While people often use the terms interchangeably, "tool calling" is the modern standard. Function calling originally referred to matching a specific JSON signature, while tool calling builds upon this and supports a wider range of capabilities including provider-built tools such as code interpreters, web browsing, and retrieval.
The distinction matters more in agent frameworks than in everyday conversation. When a teammate like Beagle calls a Jira API or reads a Notion page, there's a full tool-calling loop happening behind every response - schema lookup, model decision, application execution, result injection.
Where things break
The most common failure mode isn't the JSON - it's the description.

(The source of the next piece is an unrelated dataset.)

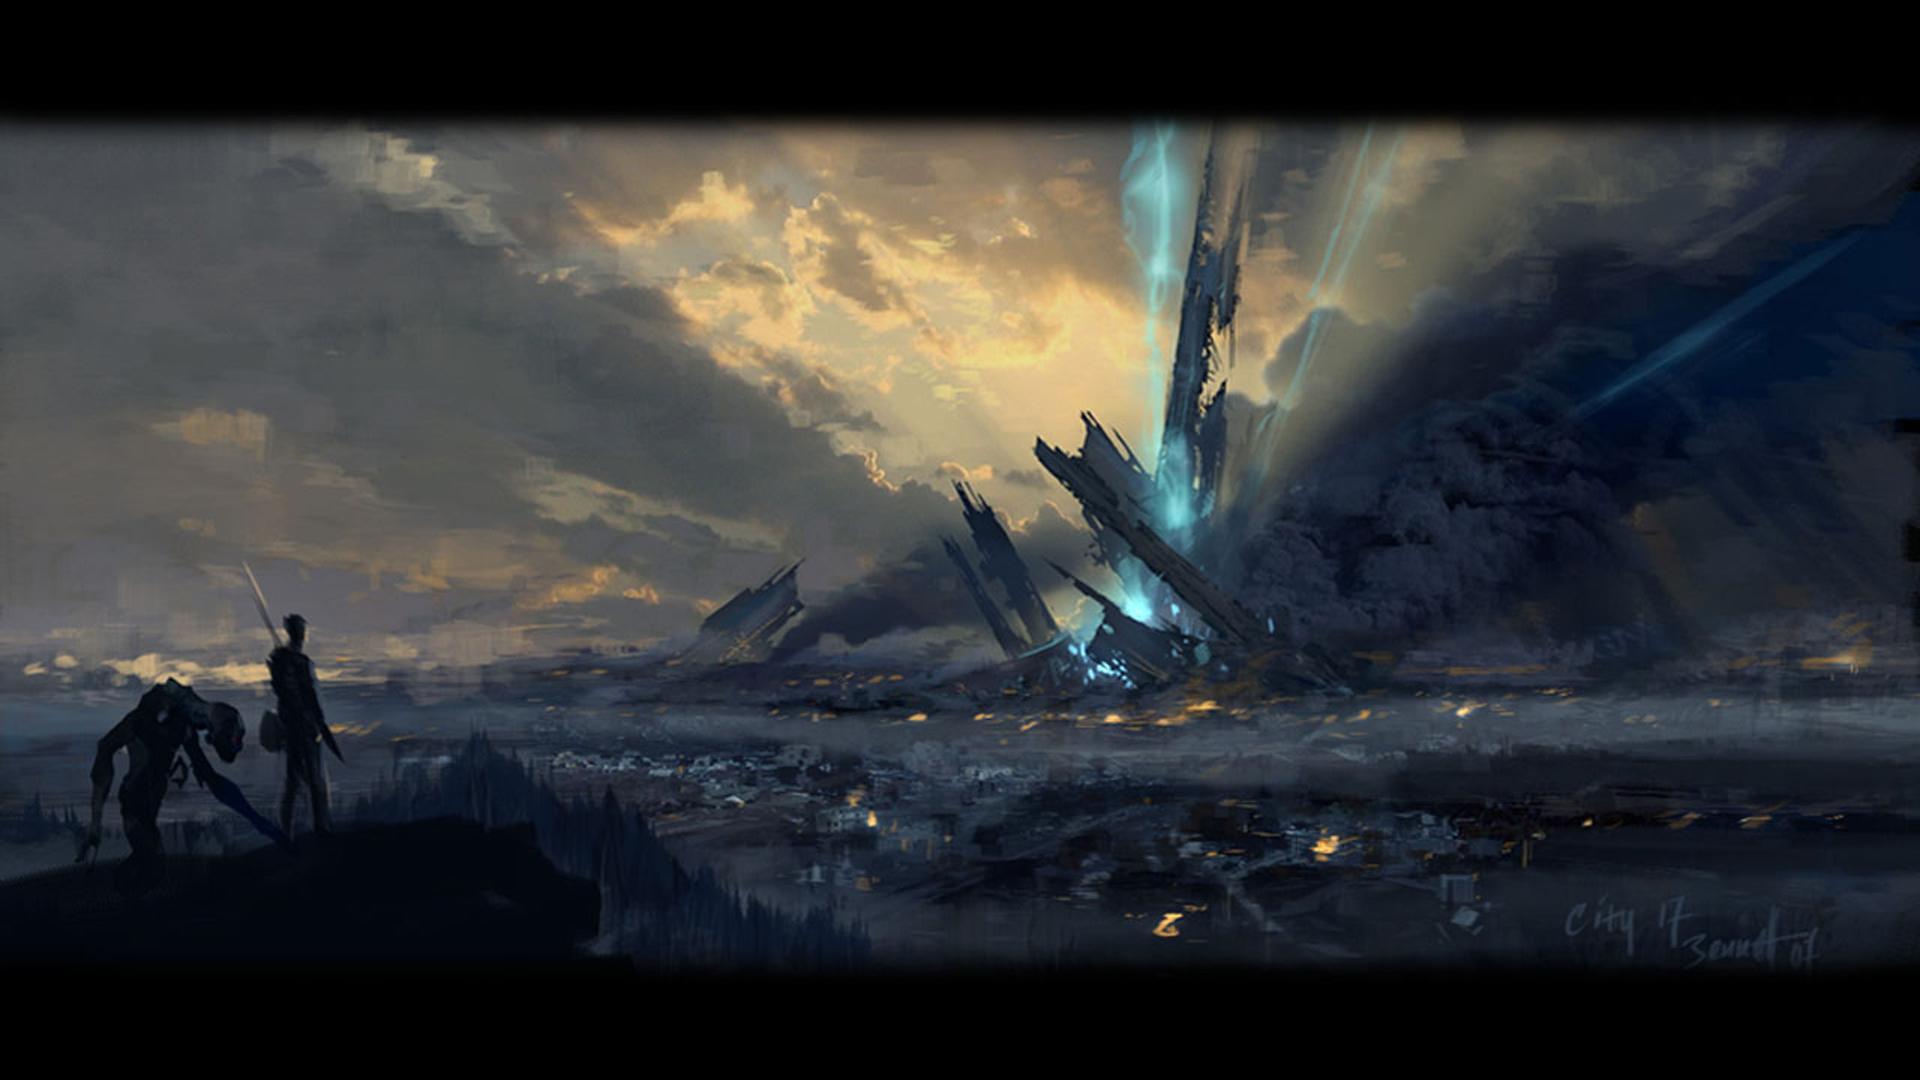 Half Life 2 Art 472869 Hd Wallpaper Backgrounds Download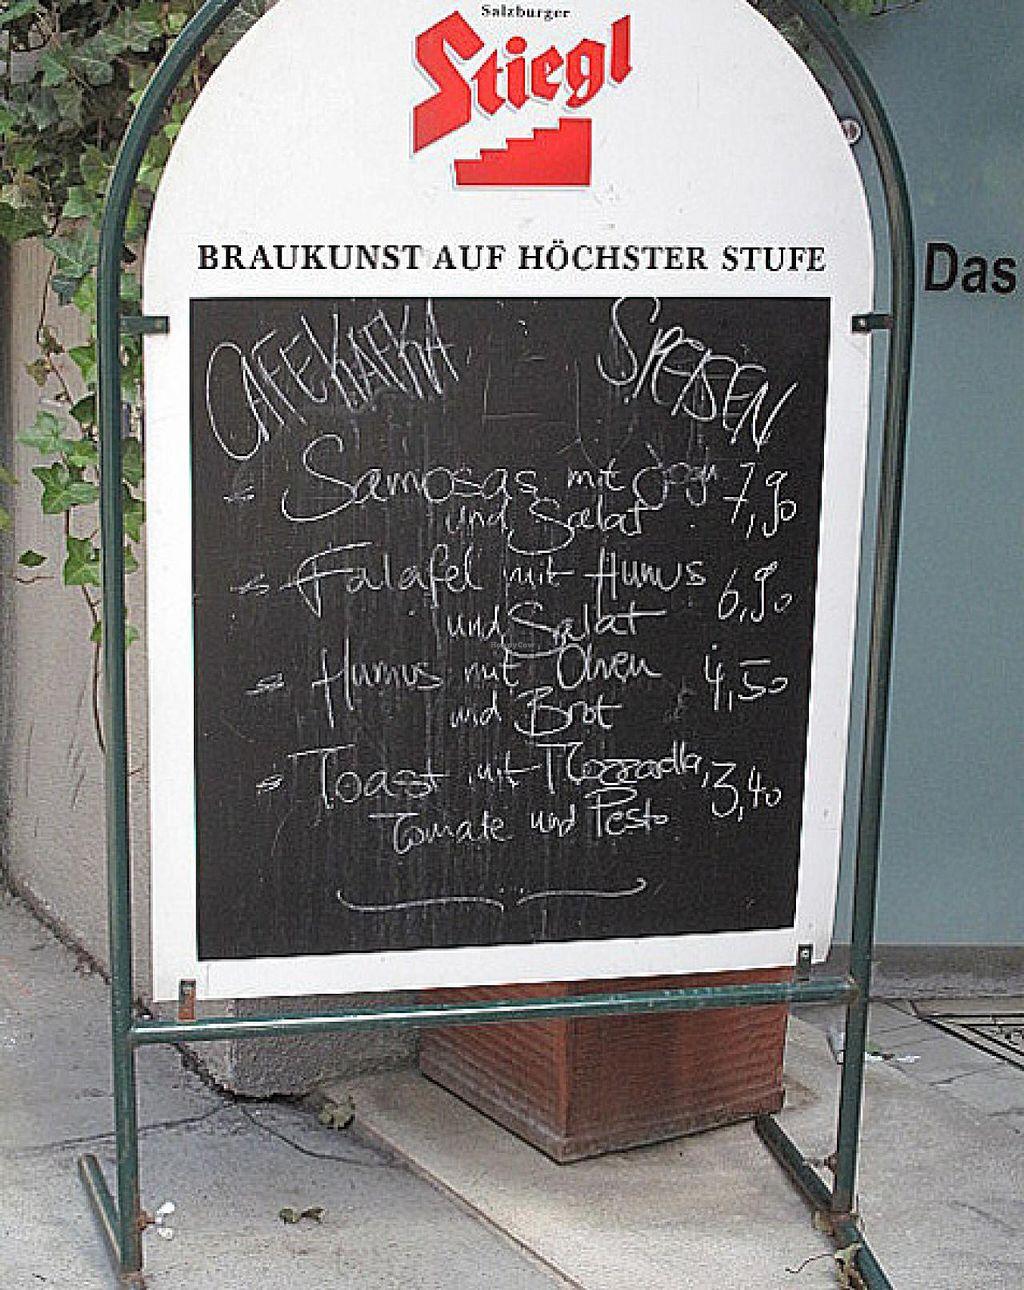 "Photo of Cafe Kafka  by <a href=""/members/profile/lallilaranja"">lallilaranja</a> <br/>menu <br/> July 23, 2014  - <a href='/contact/abuse/image/5255/74789'>Report</a>"

Precision and specificity matter. The description should explain what the tool does, when to use it, what the parameters mean, and what constraints apply. Vague descriptions lead to incorrect usage. Good descriptions include expected input types, output format, and failure cases.
The second failure mode is security. Indirect prompt injection can manipulate an agent into calling functions it shouldn't. Prompt injection now sits at the top of the OWASP Top 10 for LLM Applications, and research has formalized how tool-calling agents can transform prompt injection from an information leak into an operational threat. If your agent can take actions - book a meeting, file a ticket, send a message - the stakes of a hijacked tool call are higher than a hijacked chat reply.
The mechanism is simple once you see it. The model reads a menu of tools, decides what it needs, writes an order slip in JSON, and waits. Your code fills the order and slides the result back through the window. The model reads the result and finishes answering.
Nothing the model "does" touches a live system. Everything that touches a live system is code you wrote and control. That's not a limitation - it's the design.